I know that $x-1$ is a factor of $x^2-1$, but is $x-i$ a factor of $x^2+1$. Do we consider $x-i$ to be a factor of $x^2+xi+2$?

Answer 1

In both cases the answer is YES if we are considering polynomials over the complex field and NO if we are considering polynomials over the real field.

Answer 2

Over the complex numbers, every polynomial $p(x)=a (x^n +b_{n-1}x^{n-1}+\ldots b_1 x + b_0)$ can be factored into $n$ (possibly identical) factors such that $$p(x)=a\prod_{m=1}^n (x-x_m)$$ with $x_m$ being the zeroes of the polynomial.

Thus, in particular $$x^2+1=(x-i)(x+i)$$ such that $x-i$ is a factor and $$x^2+ix+2=(x-i)(x+2i)$$ such that $x-i$ equally is a factor.

Answer 3

It does, unfortunately, depend on context. It depends on whether you're factorising over the integers (or rationals), the real numbers, or complex numbers. As you go much further in mathematics, there will be many other "things" you can factorise over, but we won't bother with that.

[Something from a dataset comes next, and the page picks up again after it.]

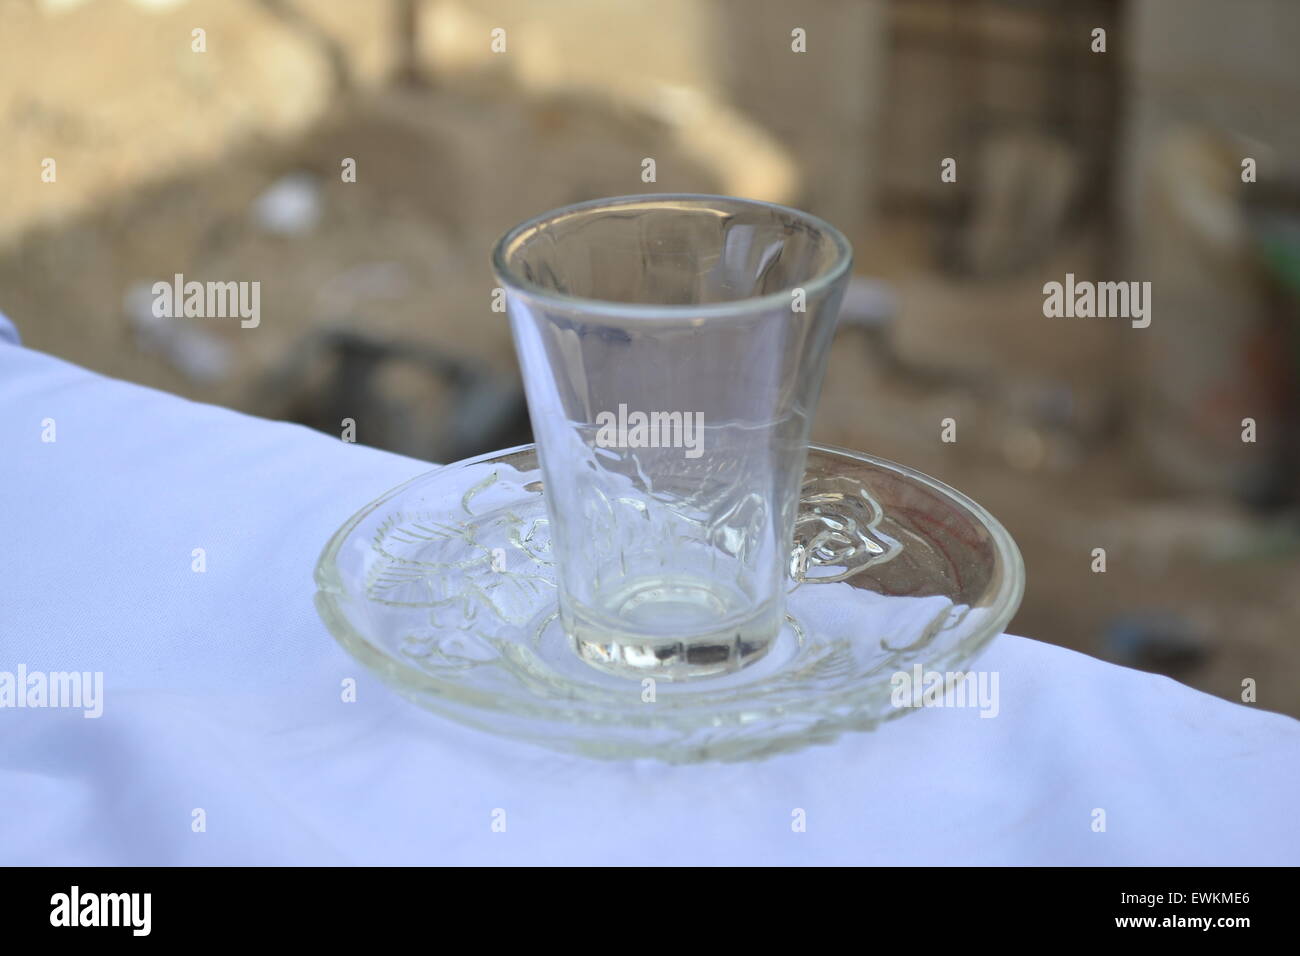 https://c8.alamy.com/comp/EWKME6/a-beverage-small-glass-cup-on-saucer-EWKME6.jpg

For example, over the integers, the polynomial $x^4 + 1$ cannot be factored. In other words, there are no two polynomials, with integer coefficients, whose product is $x^4 + 1$ (except trivially, $\pm 1$ multiplied to $\pm(x^4 + 1)$). But, if you factorise over the reals, $$x^4 + 1 = (x^4 + 2x^2 + 1) - 2x^2 = (x^2 + 1)^2 - 2x^2 = (x^2 + 1 + \sqrt{2}x)(x^2 + 1 - \sqrt{2}x).$$ Over the reals, this cannot be factored any further. But, over the complex numbers, we get even more factors: $$(x^4 + 1) = \left(x - \frac{1}{\sqrt{2}} - \frac{i}{\sqrt{2}}\right)\left(x + \frac{1}{\sqrt{2}} - \frac{i}{\sqrt{2}}\right)\left(x + \frac{1}{\sqrt{2}} + \frac{i}{\sqrt{2}}\right)\left(x - \frac{1}{\sqrt{2}} + \frac{i}{\sqrt{2}}\right).$$ Basically, the more possibilities we have for coefficients (integers to reals to complex numbers), the more possibilities we have for creating smaller factors, and you'll have to rely on context to know from where you may take your coefficients.